All these graph layout algorithms should ideally be run on the backend. Most of these js libraries are missing the point in trying to run layout in Javascript on the frontend. If you have a huge graph, you can't view all of it at once anyways and you're viewing a subset of it any 1 moment.

So the ideal library should be running the layout on the backend and the frontend should be plain dummy, simply showing each graph node at the position co-ordinate sent from the back-end.


Then you sacrifice the potential for fluid dynamic layouts. Everyone is walking around with portable supercomputers. May as well use them.


We find that is ok if you build it right for the bulk of business settings. The intuition is that if you can do youtube, streaming layout updates should not be a problem.

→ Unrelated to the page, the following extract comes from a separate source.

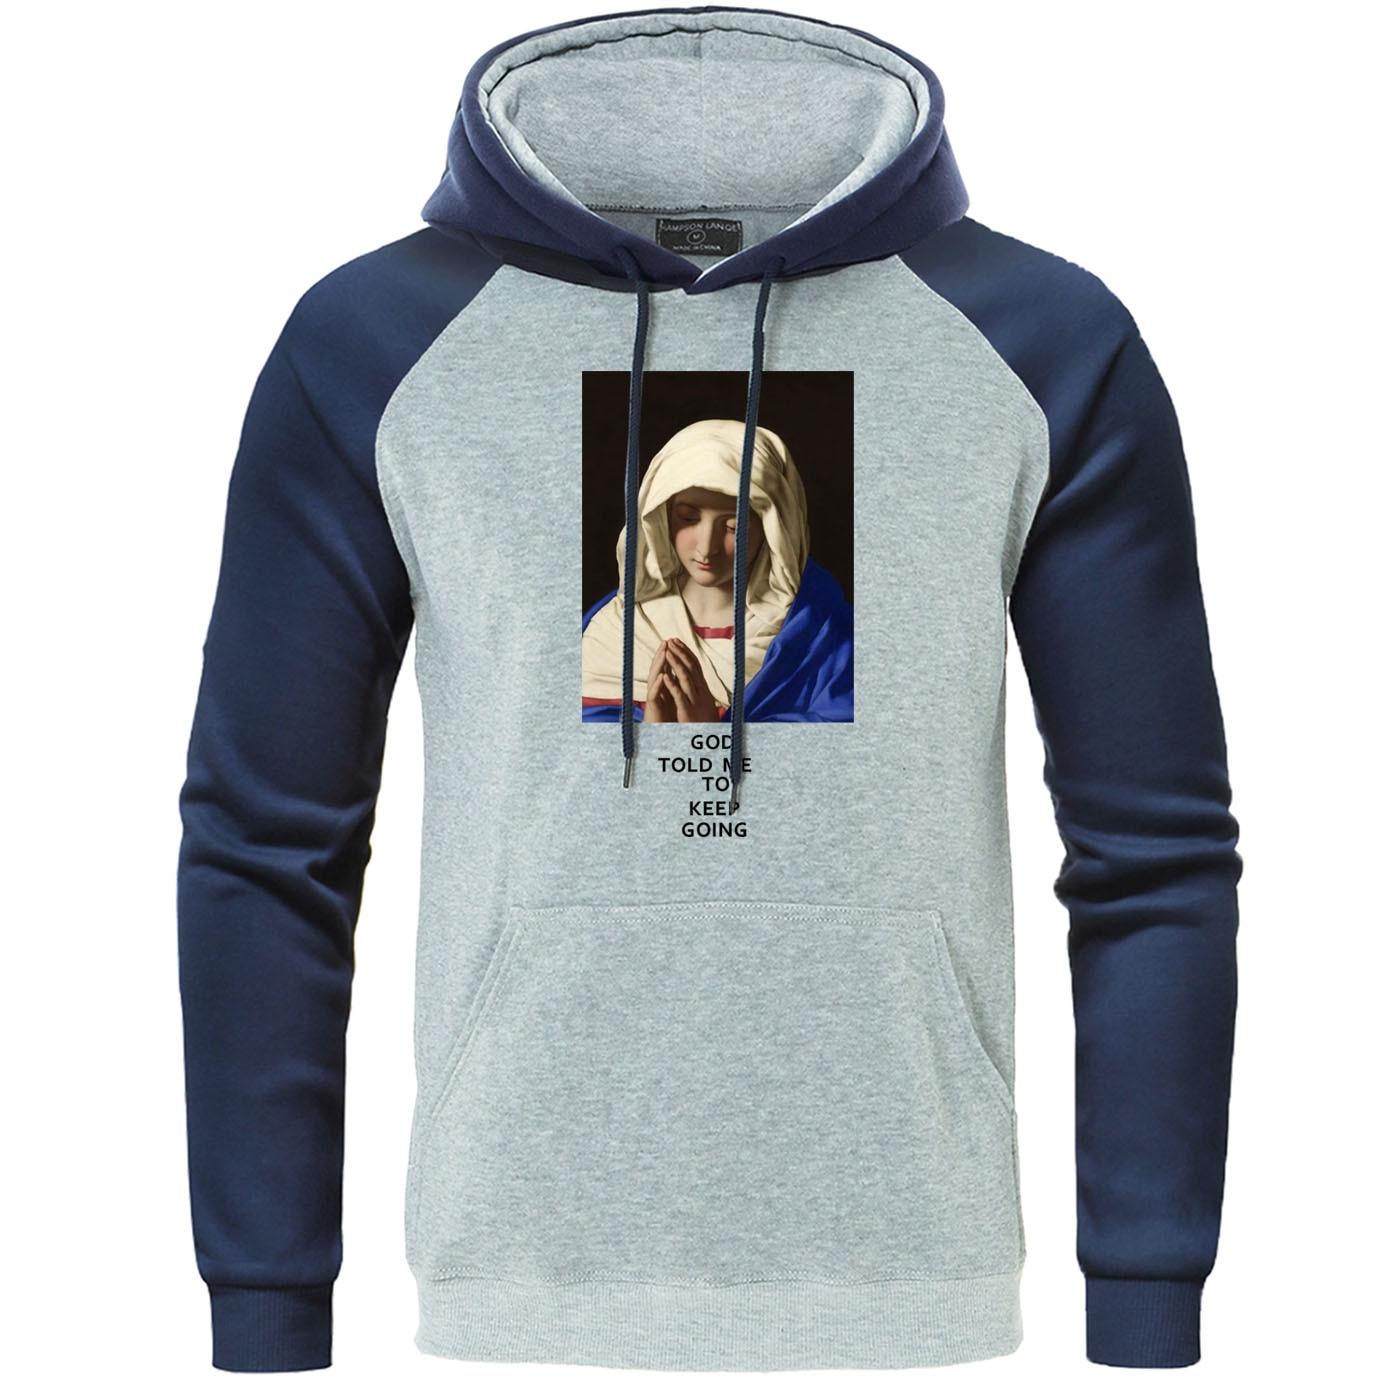 Virgin Mary Printed Men's Hoodies God Told Me Keep Going Raglan Sweatshirt Autumn Warm Streetwear Hip Hop Men Fleece Pullover

I would agree that building a distributed architecture that achieves this is a distraction for most solutions- oriented teams. Before you get to the benefits, most/all teams would drown from the complexity.


You're missing the point by thinking only of your specific use case of huge graphs.

Client side interactivity without network delay is a valid use case for these libs. Client side encrypted data also.


Most humans can't make much sense of anything more than 50-100 node graph at a time. At a graph size of containing 50-100 nodes or lesser which is a rather small graph, huge variety of graph algorithms are not very helpful. These libraries are good to experiment with each layout algorithm but ultimately a graph analysis most of the time involves exploration and querying, like a repl and making sense of that. Most frontend js libraries will not be helpful in doing that.

It's a surprise that there is no robust backend library that does graph layout.


You can run d3 on the backend with node. It shouldn't be too difficult using it with a layout to constrain the potential visualization to a more comprehensible data set.

There's even a d3-node package available to generate a static SVG or png.

[edit]

Additionally, grouping or binning the data may be something to consider when dealing with a visualization with 100+ nodes. Never tried that with DAG datasets, not sure how that would work, but it's interesting to think about.


Graphviz can easily be used as a backend layout system to output SVG or PNG. It's just not very interactive; you can do mouseover annotations but you can't drag nodes around.


Yep, that's how we architected Graphistry, and then some. GPUs frontend for rendering, GPUs backend for layout, analytics, etc.

Also agreed on subsets. About 1-10M nodes can still work in the frontend (and we're pushing upper end of that). But around 100K-1M nodes, more about seamless & interactive abstractions... and reinforces why integration w/ smart backend matters.